Freeland and Royall are but two of the fascinating characters who have shaped college admissions through the years that Selingo chooses to include in his storytelling. But there are other fascinating characters along the way in the book who Selingo rightly spotlights, too. No book detailing the history of American elite college admissions would be complete without mentions of admissions leaders like the late Fred Hargadon of Stanford and Lee Stetson of UPenn as well as the dynamic duo of William “Fitz” Fitzsimons and Charlie Deacon, the good friends and longtime leaders of Harvard’s and Georgetown’s admissions offices, respectively. And, yes, elite college admissions has been overwhelmingly shaped by men, though the times they are a-changin’.

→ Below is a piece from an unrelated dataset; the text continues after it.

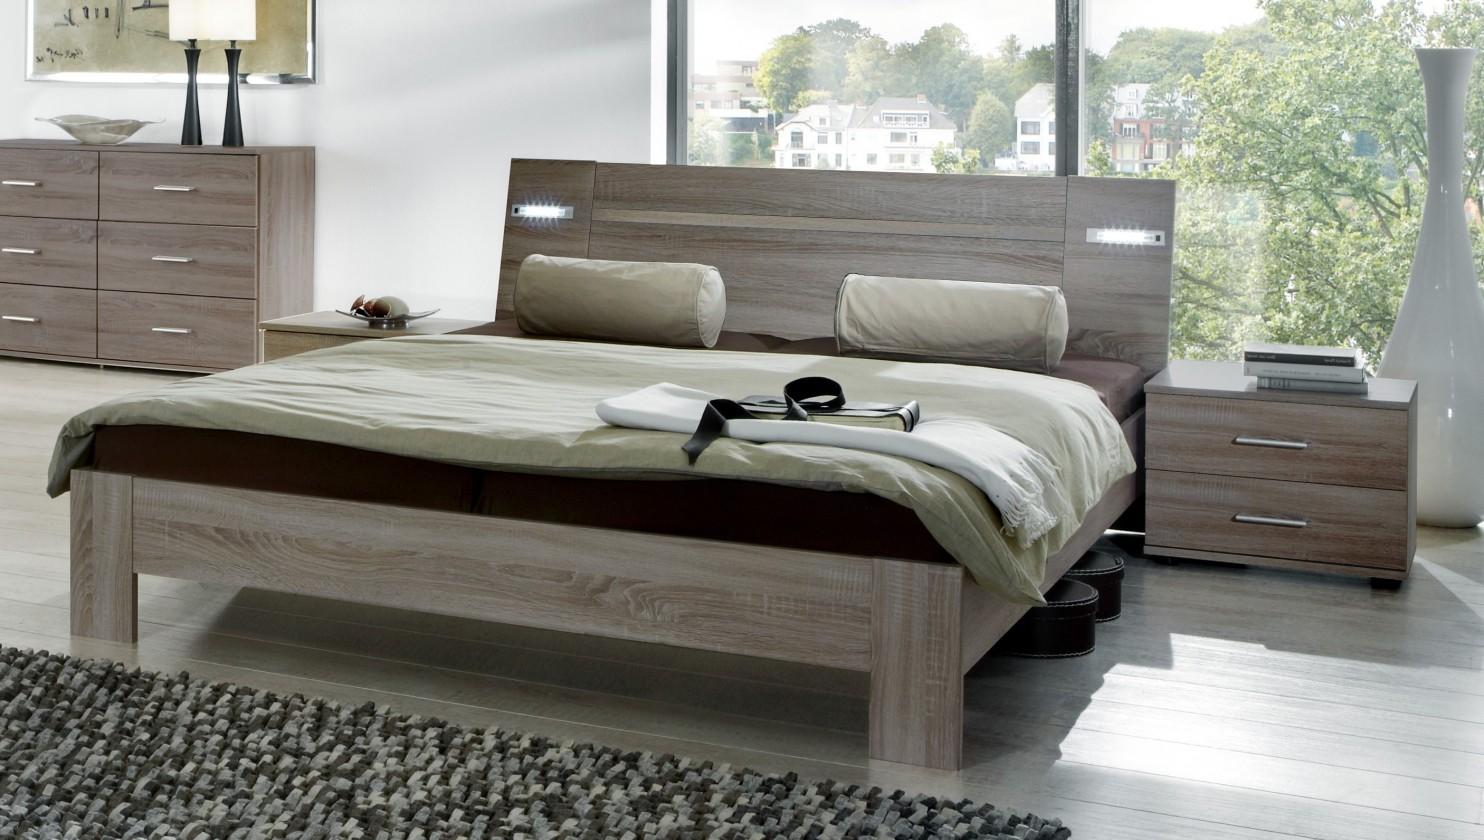 Ložnicový komplet Vicenza - Komplet, postel 160 cm (dub montana)

And while these stories are a delight to read and Selingo’s research is impeccable, particularly with respect to the studies he cites, if we had to offer one criticism of the book, it’s that it’s billed as “a year inside college admissions.” Now, don’t get us wrong: it’s entirely accurate. Selingo spent a year as a fly-on-the-wall inside the admissions offices of Emory University, Davidson College, and the University of Washington. And he does make a number of observations throughout the book on what he observes from his vantage point — from eight minute reads of applications to admissions officers liking people who remind them of themselves to how applicants to elite schools do themselves quite the disservice by not taking calculus. But knowing the game and knowing how to ethically beat the game are two very different things. Selingo devotes little real estate in his book to how students can improve their odds of admission. In fact, he seems to believe or at least imply that a “hook” and a “spike” are two different things, that a hook — which he essentially defines as being a recruited athlete or the child of a major donor — so often does the trick whereas a spike — like an interest in one particular area — isn’t typically enough. He’s not wrong that being a recruited athlete and/or the child of a major donor gives students a huge leg up, but we’ve been helping students at Ivy Coach win in admissions for 28 years and only a very small percentage of our students are recruited athletes or the children of major donors. If a middle-income parent grabbed Selingo’s book at Barnes & Noble hoping her child — who is not a recruited athlete or a development case — could beat the system at its own game fairly and ethically, Selingo’s words left a little something to be desired.